## What needs to be done
Copy exactly the lines from the first line of the records below through the line containing "Close-up, side profile", including both, and nothing else.

[Excerpts from a dataset]
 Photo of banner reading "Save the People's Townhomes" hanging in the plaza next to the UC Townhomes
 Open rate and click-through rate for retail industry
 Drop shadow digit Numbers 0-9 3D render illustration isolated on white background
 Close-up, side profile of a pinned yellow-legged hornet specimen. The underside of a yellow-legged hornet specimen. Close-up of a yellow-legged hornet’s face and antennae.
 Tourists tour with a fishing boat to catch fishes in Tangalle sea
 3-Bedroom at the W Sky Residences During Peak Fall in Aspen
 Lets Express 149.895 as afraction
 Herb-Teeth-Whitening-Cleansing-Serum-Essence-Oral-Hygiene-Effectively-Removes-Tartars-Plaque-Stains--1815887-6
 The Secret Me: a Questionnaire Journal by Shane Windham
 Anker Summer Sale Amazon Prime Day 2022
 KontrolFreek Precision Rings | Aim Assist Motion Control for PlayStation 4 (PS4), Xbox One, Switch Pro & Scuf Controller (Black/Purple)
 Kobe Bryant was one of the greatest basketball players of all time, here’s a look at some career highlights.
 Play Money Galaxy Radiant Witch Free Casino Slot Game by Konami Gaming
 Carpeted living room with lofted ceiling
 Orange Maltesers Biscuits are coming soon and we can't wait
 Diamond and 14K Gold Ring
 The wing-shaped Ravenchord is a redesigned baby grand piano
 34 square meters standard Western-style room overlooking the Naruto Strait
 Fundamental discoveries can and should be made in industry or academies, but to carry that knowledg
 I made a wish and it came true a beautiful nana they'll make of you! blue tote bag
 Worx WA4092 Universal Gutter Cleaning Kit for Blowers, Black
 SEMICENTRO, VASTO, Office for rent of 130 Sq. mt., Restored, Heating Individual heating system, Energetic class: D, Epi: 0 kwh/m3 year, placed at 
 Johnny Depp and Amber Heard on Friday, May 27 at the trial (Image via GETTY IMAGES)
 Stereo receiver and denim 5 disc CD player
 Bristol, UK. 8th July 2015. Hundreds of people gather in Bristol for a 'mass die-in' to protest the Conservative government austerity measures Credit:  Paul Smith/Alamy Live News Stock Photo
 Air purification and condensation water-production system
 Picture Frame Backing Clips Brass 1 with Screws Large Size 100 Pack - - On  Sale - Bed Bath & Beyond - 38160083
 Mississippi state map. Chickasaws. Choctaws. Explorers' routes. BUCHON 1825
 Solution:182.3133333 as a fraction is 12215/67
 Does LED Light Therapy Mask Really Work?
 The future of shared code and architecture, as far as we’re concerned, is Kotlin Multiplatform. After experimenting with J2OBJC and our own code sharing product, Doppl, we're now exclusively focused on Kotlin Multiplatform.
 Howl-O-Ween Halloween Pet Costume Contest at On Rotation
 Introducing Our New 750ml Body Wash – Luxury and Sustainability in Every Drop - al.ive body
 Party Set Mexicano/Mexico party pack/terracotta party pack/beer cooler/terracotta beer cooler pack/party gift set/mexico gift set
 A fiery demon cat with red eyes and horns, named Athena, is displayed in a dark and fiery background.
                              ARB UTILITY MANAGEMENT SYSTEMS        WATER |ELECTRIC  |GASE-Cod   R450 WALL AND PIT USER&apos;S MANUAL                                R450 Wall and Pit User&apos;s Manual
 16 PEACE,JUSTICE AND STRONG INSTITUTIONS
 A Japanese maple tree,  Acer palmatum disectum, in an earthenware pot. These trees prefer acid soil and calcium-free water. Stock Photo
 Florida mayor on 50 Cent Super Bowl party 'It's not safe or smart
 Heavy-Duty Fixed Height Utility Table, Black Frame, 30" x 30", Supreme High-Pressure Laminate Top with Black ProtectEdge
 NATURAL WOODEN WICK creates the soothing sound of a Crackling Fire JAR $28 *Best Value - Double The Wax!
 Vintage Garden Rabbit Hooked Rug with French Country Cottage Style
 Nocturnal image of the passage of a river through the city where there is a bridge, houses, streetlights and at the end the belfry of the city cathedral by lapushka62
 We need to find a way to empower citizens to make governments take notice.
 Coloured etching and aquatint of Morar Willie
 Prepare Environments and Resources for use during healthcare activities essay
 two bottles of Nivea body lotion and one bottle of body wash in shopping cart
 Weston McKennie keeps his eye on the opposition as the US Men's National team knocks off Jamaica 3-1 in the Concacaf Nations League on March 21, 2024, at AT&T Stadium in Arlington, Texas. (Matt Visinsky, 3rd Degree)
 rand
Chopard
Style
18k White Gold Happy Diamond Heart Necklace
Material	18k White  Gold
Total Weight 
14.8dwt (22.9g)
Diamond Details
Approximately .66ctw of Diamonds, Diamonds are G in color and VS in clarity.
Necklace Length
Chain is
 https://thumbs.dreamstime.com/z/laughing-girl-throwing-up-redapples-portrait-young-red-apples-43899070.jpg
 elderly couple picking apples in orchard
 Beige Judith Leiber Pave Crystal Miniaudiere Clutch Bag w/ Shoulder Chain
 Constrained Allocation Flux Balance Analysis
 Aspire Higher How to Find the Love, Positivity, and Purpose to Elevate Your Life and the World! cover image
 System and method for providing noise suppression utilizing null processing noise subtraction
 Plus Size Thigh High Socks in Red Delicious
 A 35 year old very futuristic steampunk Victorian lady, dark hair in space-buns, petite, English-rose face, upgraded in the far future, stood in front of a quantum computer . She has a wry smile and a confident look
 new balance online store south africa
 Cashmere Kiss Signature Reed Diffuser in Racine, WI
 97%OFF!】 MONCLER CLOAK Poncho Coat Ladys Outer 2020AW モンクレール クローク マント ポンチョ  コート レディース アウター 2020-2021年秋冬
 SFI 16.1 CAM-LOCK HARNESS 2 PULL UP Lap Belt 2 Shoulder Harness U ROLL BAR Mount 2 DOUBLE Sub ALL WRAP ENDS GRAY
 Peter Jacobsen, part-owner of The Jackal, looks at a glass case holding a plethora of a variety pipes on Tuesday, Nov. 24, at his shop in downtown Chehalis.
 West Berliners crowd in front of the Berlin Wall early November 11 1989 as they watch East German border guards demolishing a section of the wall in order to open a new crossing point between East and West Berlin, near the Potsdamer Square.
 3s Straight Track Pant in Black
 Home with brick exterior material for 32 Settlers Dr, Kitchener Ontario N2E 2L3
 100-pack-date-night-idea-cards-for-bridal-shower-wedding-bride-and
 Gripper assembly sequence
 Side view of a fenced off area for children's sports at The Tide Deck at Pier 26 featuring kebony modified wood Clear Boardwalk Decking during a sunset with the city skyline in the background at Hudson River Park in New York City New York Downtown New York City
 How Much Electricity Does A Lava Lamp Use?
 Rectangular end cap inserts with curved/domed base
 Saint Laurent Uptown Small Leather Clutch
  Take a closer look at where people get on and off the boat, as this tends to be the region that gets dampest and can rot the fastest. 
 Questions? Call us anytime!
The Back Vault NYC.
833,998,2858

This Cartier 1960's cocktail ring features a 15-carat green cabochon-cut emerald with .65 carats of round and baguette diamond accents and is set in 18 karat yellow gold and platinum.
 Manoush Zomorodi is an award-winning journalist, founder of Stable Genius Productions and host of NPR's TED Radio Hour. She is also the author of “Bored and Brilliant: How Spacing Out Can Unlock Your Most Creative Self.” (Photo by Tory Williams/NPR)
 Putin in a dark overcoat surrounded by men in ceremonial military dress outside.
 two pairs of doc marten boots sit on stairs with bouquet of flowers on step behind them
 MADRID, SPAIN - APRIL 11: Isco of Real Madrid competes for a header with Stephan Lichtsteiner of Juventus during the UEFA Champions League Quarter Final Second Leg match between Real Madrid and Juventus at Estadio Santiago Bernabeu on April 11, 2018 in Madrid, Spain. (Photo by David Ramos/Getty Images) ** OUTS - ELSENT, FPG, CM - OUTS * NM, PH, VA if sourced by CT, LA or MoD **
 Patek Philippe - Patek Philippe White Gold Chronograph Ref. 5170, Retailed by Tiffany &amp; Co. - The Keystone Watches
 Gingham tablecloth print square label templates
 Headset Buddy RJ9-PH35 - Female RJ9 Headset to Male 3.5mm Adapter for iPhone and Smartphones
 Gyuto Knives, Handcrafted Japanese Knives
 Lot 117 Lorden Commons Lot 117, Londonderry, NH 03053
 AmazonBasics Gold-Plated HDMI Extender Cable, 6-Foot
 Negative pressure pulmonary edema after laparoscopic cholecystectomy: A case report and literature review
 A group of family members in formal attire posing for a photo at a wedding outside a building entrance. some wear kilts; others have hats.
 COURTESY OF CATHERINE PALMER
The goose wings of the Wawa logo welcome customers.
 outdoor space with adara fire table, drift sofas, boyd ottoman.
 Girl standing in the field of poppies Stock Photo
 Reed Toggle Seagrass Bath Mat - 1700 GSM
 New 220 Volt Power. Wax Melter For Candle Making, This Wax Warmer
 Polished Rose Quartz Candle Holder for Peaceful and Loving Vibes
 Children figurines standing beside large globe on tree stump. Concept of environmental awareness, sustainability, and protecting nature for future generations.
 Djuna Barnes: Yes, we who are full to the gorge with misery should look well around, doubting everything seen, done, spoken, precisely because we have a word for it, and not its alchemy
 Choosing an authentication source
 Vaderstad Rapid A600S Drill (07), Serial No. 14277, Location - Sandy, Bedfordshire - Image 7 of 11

## Exercise output
 Photo of banner reading "Save the People's Townhomes" hanging in the plaza next to the UC Townhomes
 Open rate and click-through rate for retail industry
 Drop shadow digit Numbers 0-9 3D render illustration isolated on white background
 Close-up, side profile of a pinned yellow-legged hornet specimen. The underside of a yellow-legged hornet specimen. Close-up of a yellow-legged hornet’s face and antennae.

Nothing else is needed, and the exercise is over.